**REQUIRED WORK:**
In the copy of the lines below, leave out pictures and print everything else exactly.

**DATASET CONTENT:**
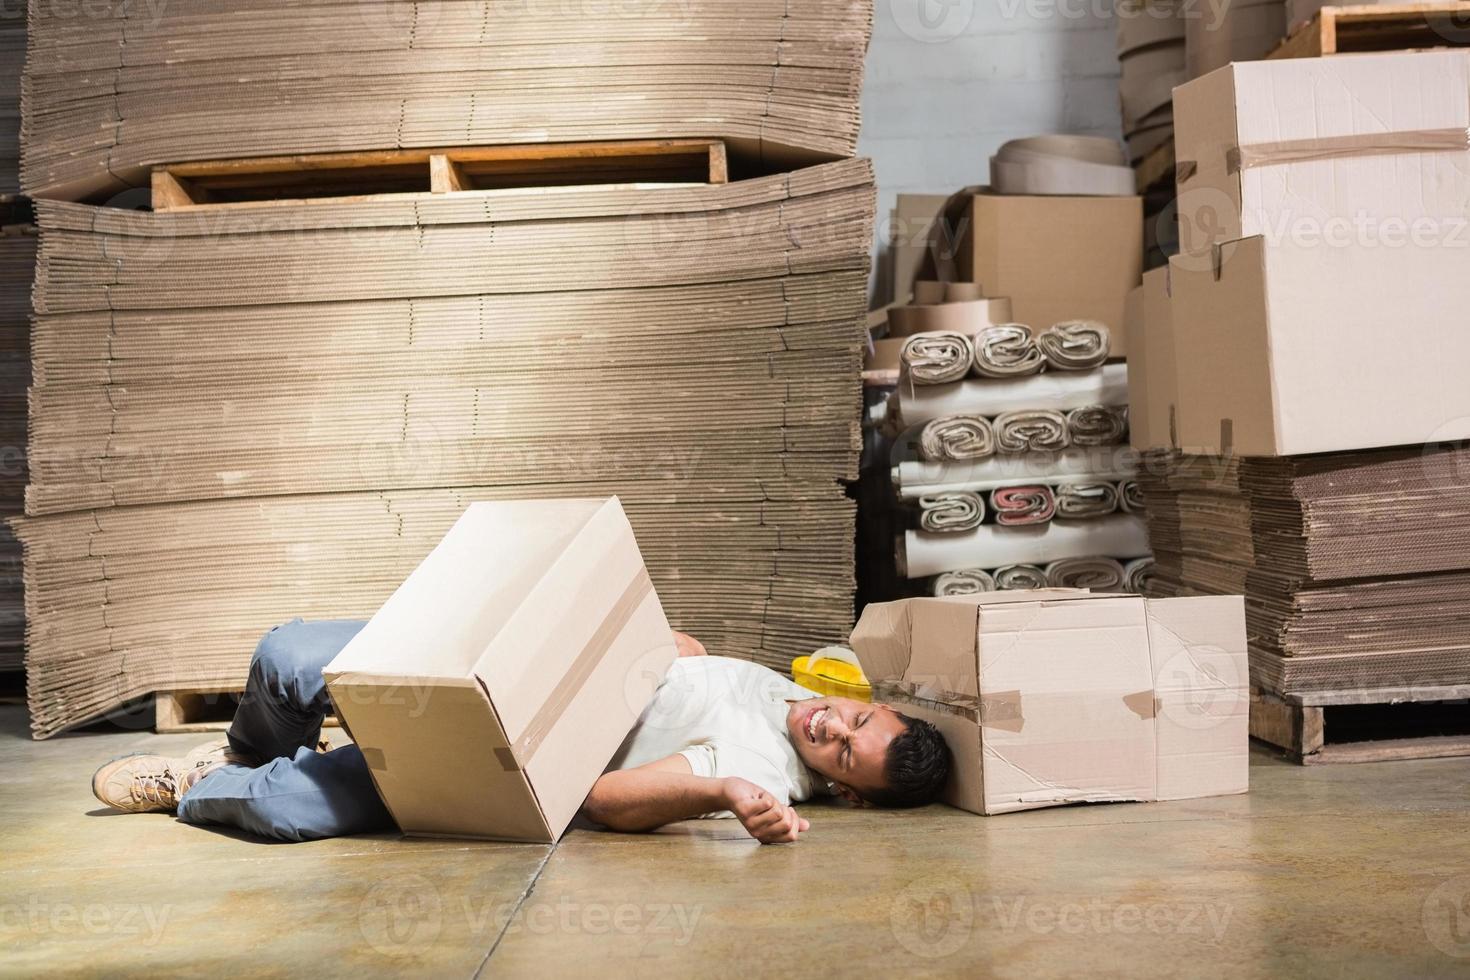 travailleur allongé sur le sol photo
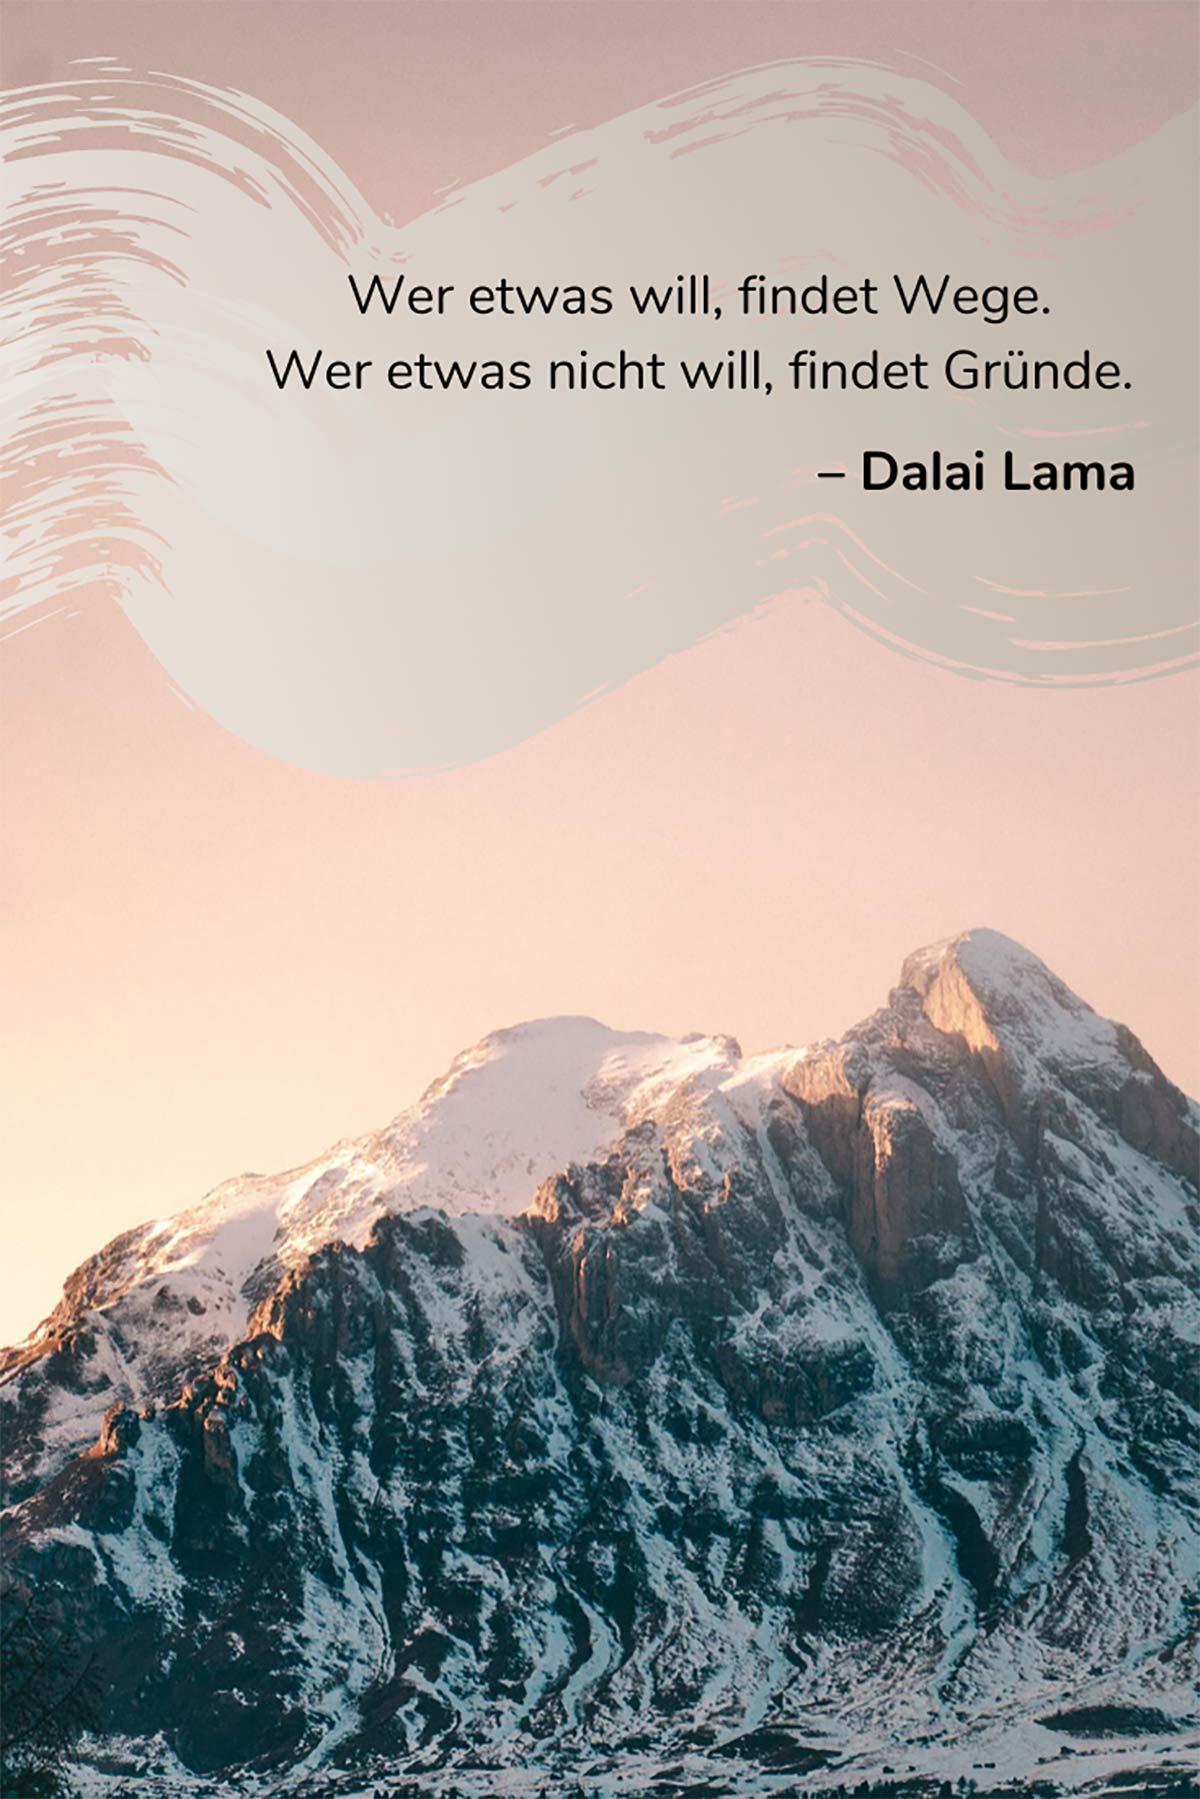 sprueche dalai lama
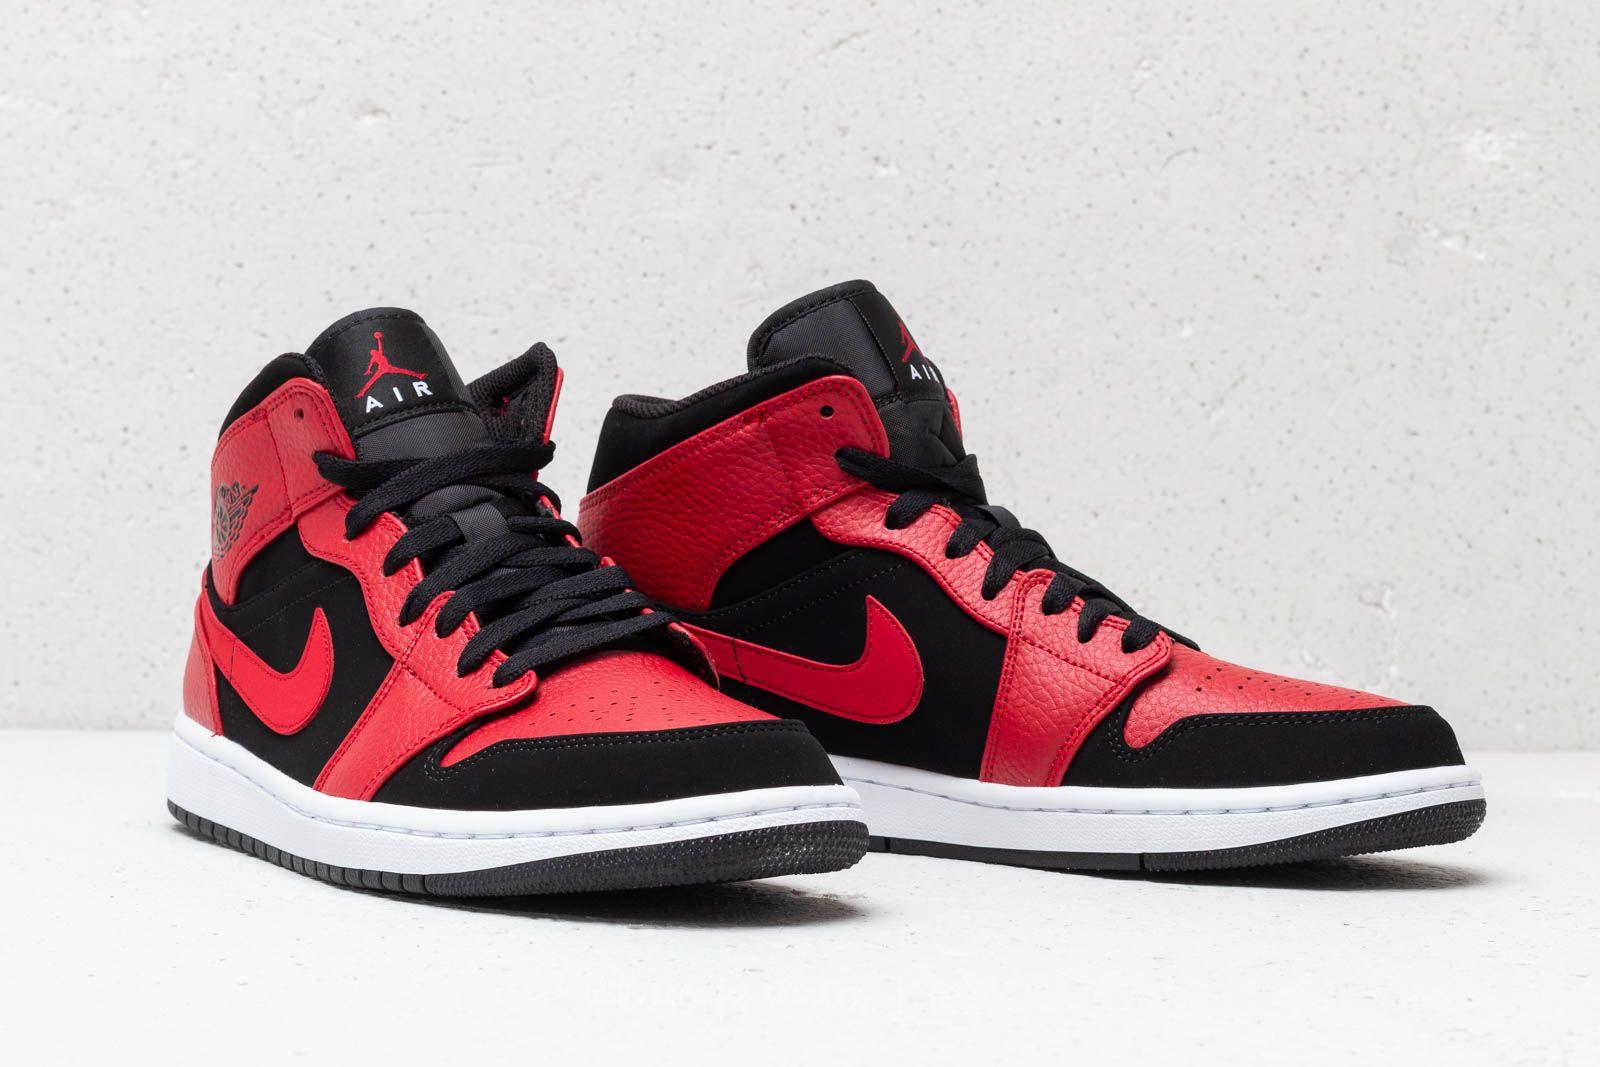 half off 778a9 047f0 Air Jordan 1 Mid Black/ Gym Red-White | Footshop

**SOLUTION TO THE EXERCISE:**
 travailleur allongé sur le sol photo
 sprueche dalai lama
 half off 778a9 047f0 Air Jordan 1 Mid Black/ Gym Red-White | Footshop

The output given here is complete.